2. Introduction to possible solutions: weighted loss functions, data augmentations etc. 3 mins

3. Introduction to data augmentations: state of the art in selecting data augmentation, visual experimental evidence of effects of different augmentations on different types of problems or datasets 7 mins

4. Choosing the right set of augmentation for a given dataset: brief introduction to DRL. 5 mins

5. DRL problem formulation to select data augmentation policies: set of all policies, definition of reward, definition of a state, selection of policies. 5 mins

6. Details of training a DRL model to select a subset of policies: object detection dataset, choice of the base detection architecture, loss function, evaluation function. 5 mins

7. Summary of results: choosing a set of random policies vs policies discovered by DRL model. 5 mins

8. A few key take-aways: the time and compute expenses of training DRL to select the right set of augmentations, visual evidence of the effects of different policies on different problems or datasets 5 mins.

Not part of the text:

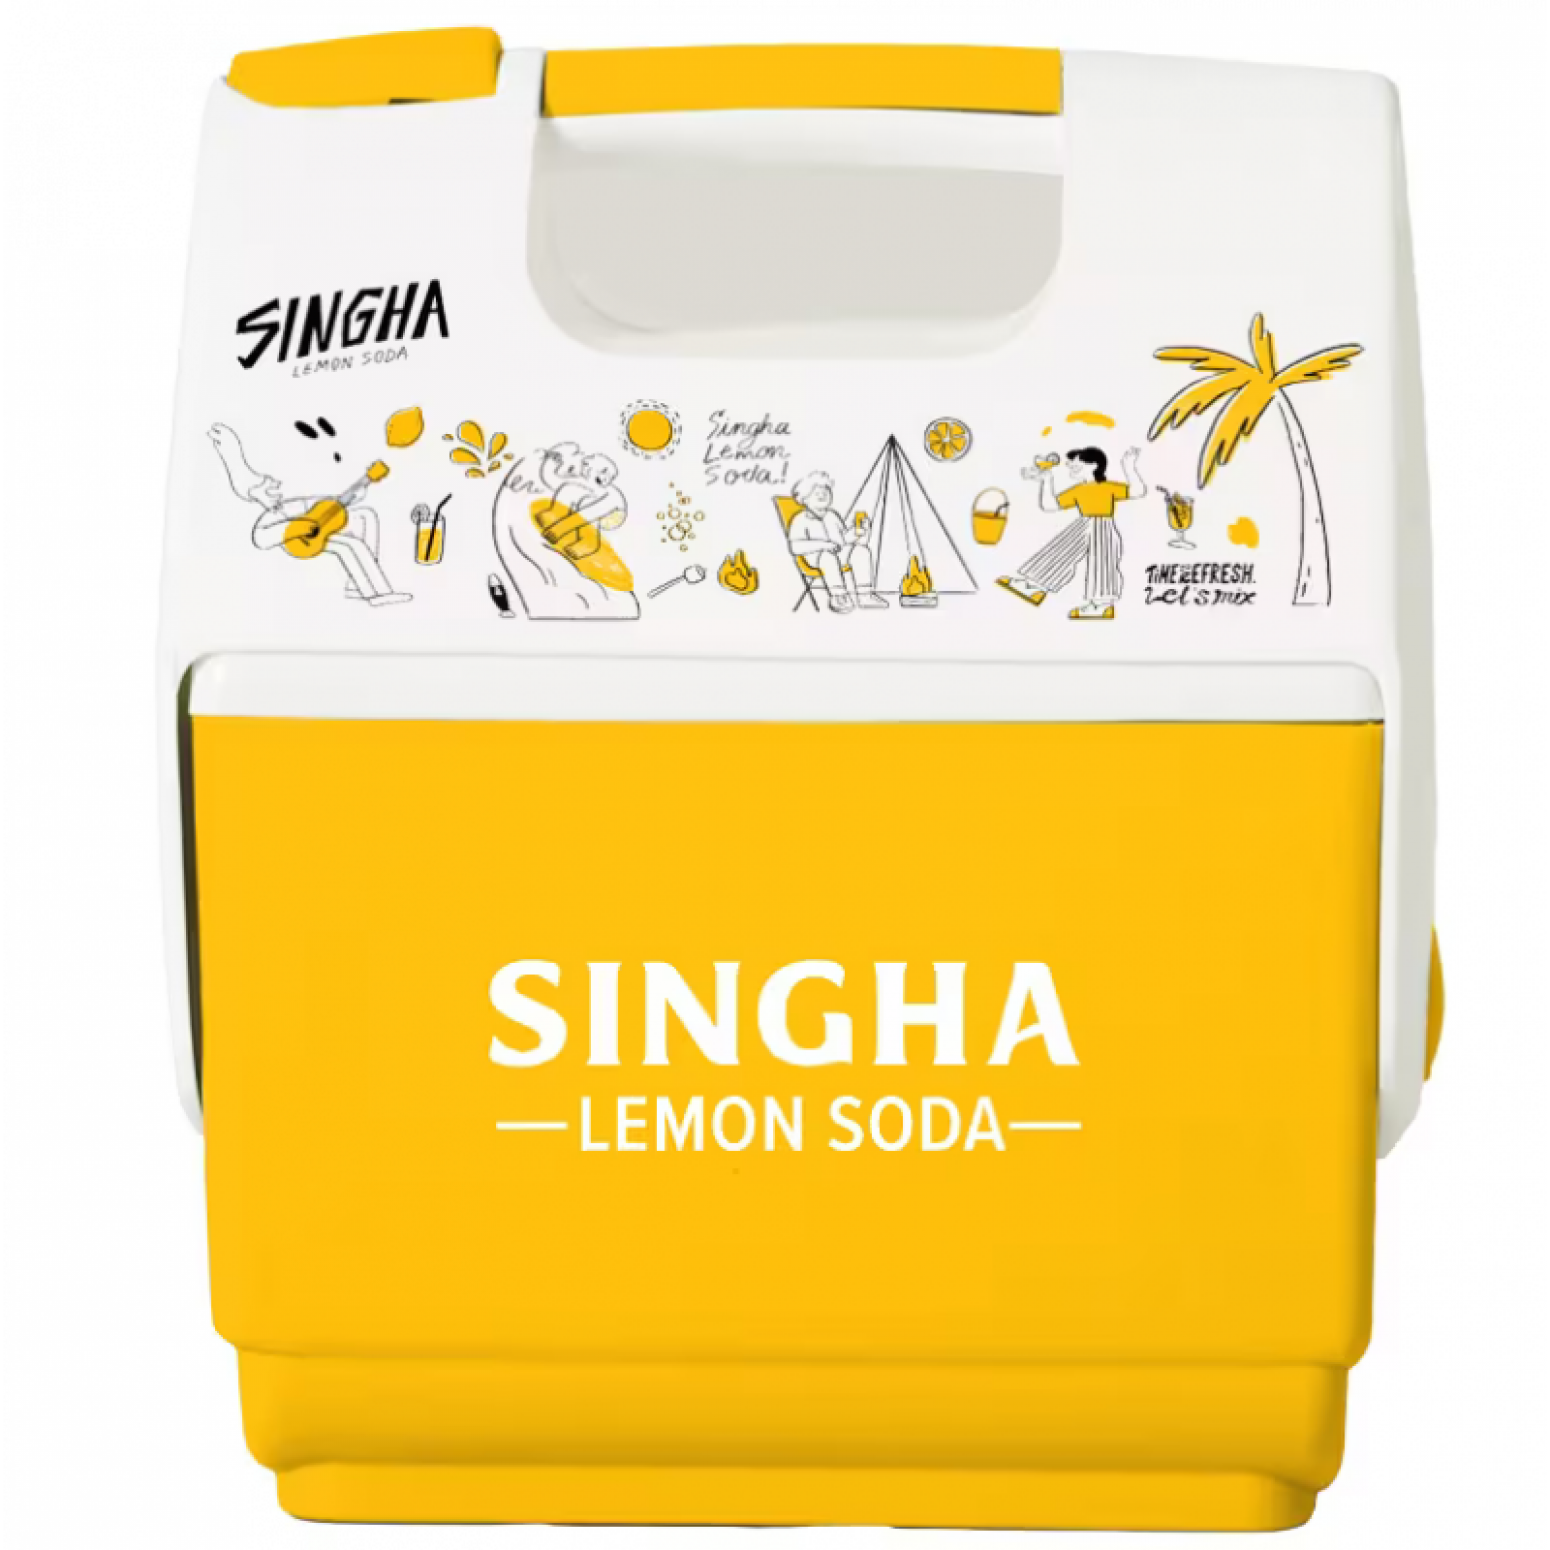 Singha Lemon Soda canteen 330ml. Pack4

9. Applicability of this work to different applications: classification, detection, healthcare, retail, transportation 5 mins

Beyond computer games and neural architecture search; practical applications of Deep Reinforcement Learning to improve classical classification or detection tasks are few and far between. In this talk, I will share a technique and our experiences of applying D-RL on improving the distribution input datasets to achieve state of the art performance, specifically on object detection tasks.

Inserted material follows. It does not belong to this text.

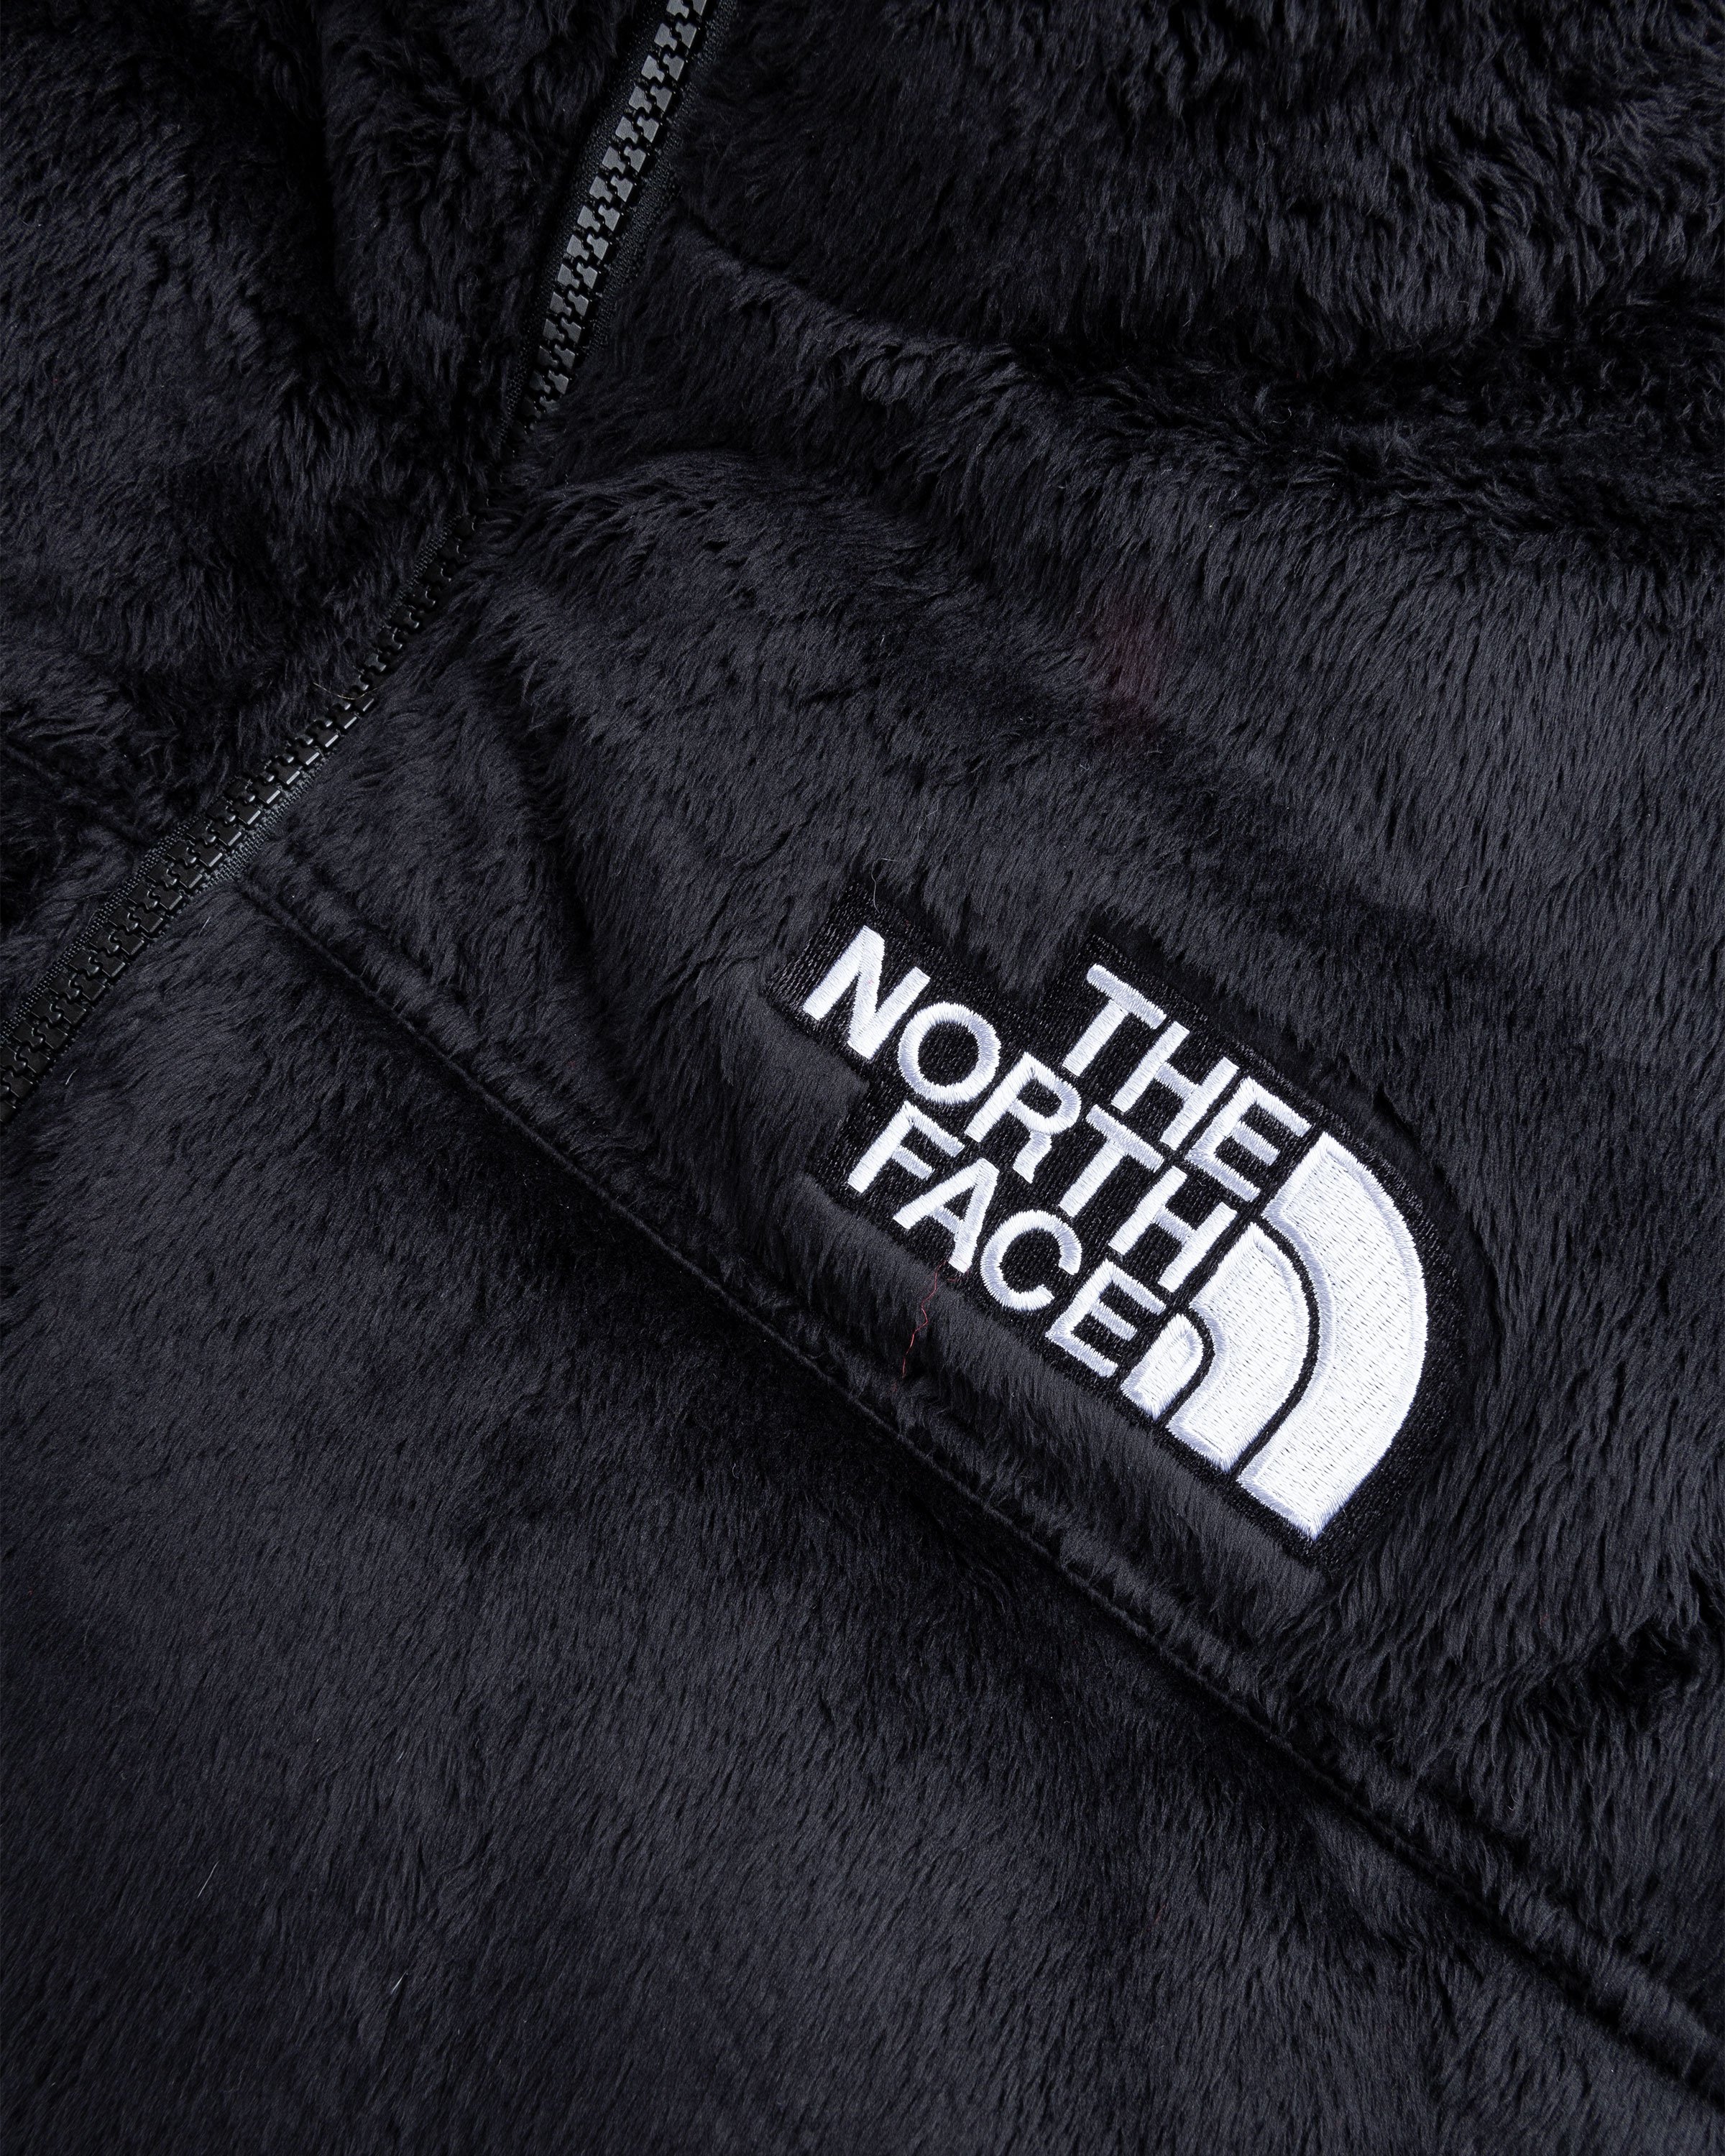 The North Face - Versa Velour Nuptse Jacket Black - Clothing - Black - Image 6

The key take away of my talk would be an effective application of deep reinforcement learning to enhance computer vision datasets via reward driven data augmentations. In particular, by showing a few examples in retail industry, I will first highlight common issues faced by deep learning practitioners in solving real-world computer vision problems: less data and imbalanced data. Less and imbalanced data, often, doesn't spin the engine of deep learning enough to learn both discriminative as well as generative features to solve classification, detection, or generation tasks with enterprise-grade accuracies.

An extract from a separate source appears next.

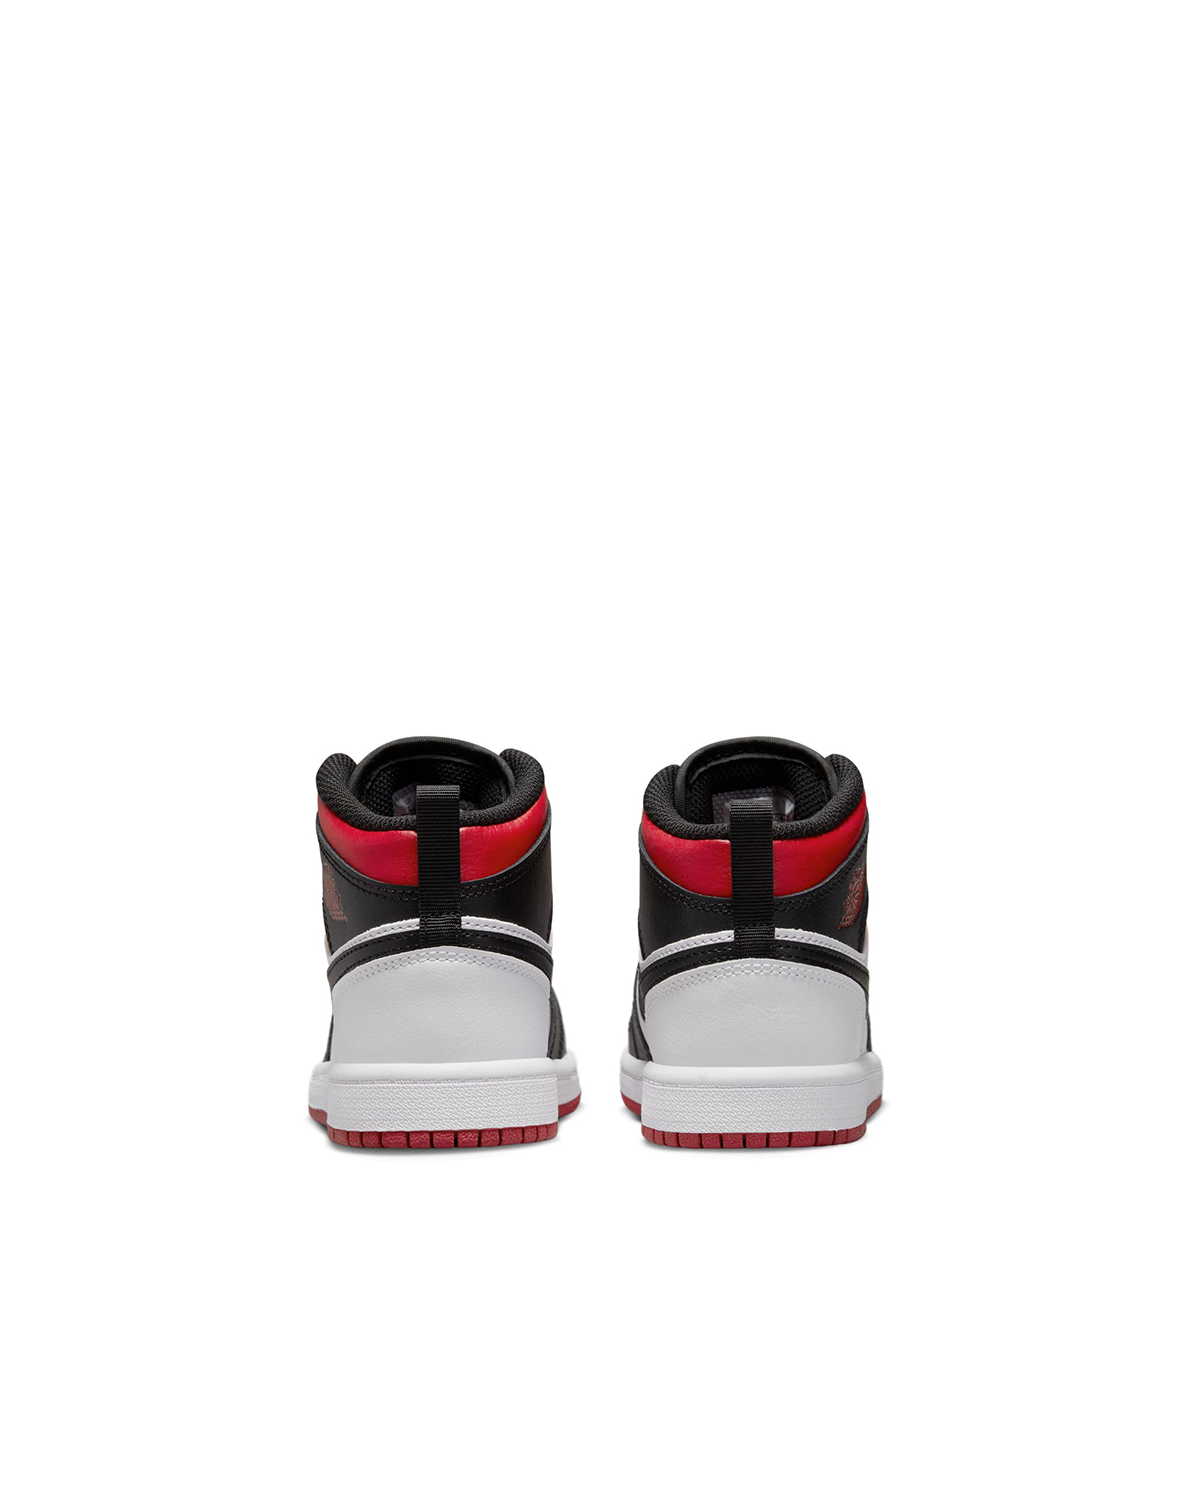 PS Jordan 1 Mid White/Gym Red/Black

However, it is a well-known fact that appropriate data distribution, either via data generation or data augmentation, significantly improves the pattern learning performance of deep networks. How do we, then, introduce new data samples for different classes or objects such that, given a network architecture with pretrained weights, we achieve optimal performance? Can deep reinforcement learning help us to navigate the space of sample augmentation and sample generation strategies?

To answers these questions, in this talk, I will present a deep reinforcement learning framework that systematically chooses classes and operations to perform on those classes, be it generation or augmentation, be it a classification problem or a detection problem. We model the network performance improvement as a reward towards choosing the right set of generation and augmentation techniques.

Via extensive performance testing, we showcase that our framework is far more inexpensive to achieve the same or better result than doing a neural architecture search for a given problem. Thus, we establish, with quantitative evidence that, a well-formed data distribution trumps custom discovered neural architecture. Furthermore, we are able to achieve state of the art results on PASCAL VOC and MS COCO datasets, in using Single Shot Multibox Detection (SSD) technique, proposed in 2016, by applying our framework on the underlying datasets. In showcasing these results, I will present a few examples of a custom dataset, with its visualization, where we are able to achieve 22% performance improvement using SSD as compared focal-loss driven RetinaNet architecture or its recent variants.

In a nutshell, this talk drives a key message that cleverly scripted data can significantly boost accuracy of even a reasonably powerful deep network, across different problem regimes such as classification, detection, and generation.

Learning Outcome

questions that this talk poses:

how do we introduce new data samples for different classes or objects such that, given a network architecture with pretrained weights, we achieve optimal performance? can deep reinforcement learning help us to navigate the space of sample augmentation and sample generation strategies?

towards answering these questions,

we establish that cleverly scripted data can significantly boost accuracy of even a reasonably powerful deep network, across different problem regimes such as classification, detection, and generation

we also show that a well-formed data distribution trumps custom discovered neural architecture

we present a deep reinforcement learning framework that systematically chooses classes and operations to perform on those classes, be it generation or augmentation, be it a classification problem or a detection problem to solve less data and class imbalanced data problems

Target Audience

Deep Learning Engineers, Deep Learning Practitioners

Prerequisites for Attendees

basics of deep learning, preliminary knowledge of what is object detection, preliminary knowledge of reinforcement learning, preliminary knowledge of problems caused by data imbalance

schedule Submitted 7 months ago

Public Feedback

comment Suggest improvements to the Speaker
  • Anoop Kulkarni
    By Anoop Kulkarni  ~  6 months ago
    reply Reply

    Thanks for your proposal. In the "outline" section, is it possible for you to include bulletized list of your talk organization? Also, how much time you are scheduling for each sub-topic. This will help us in our review.

    Thanks

    ~anoop

    • Vijay Gabale
      By Vijay Gabale  ~  6 months ago
      reply Reply

      Hi Anoop,

       

      Thanks for response.

      I have updated the outline section with a brief agenda of the talk along with potential time to be spent on each sub-topic. Thanks.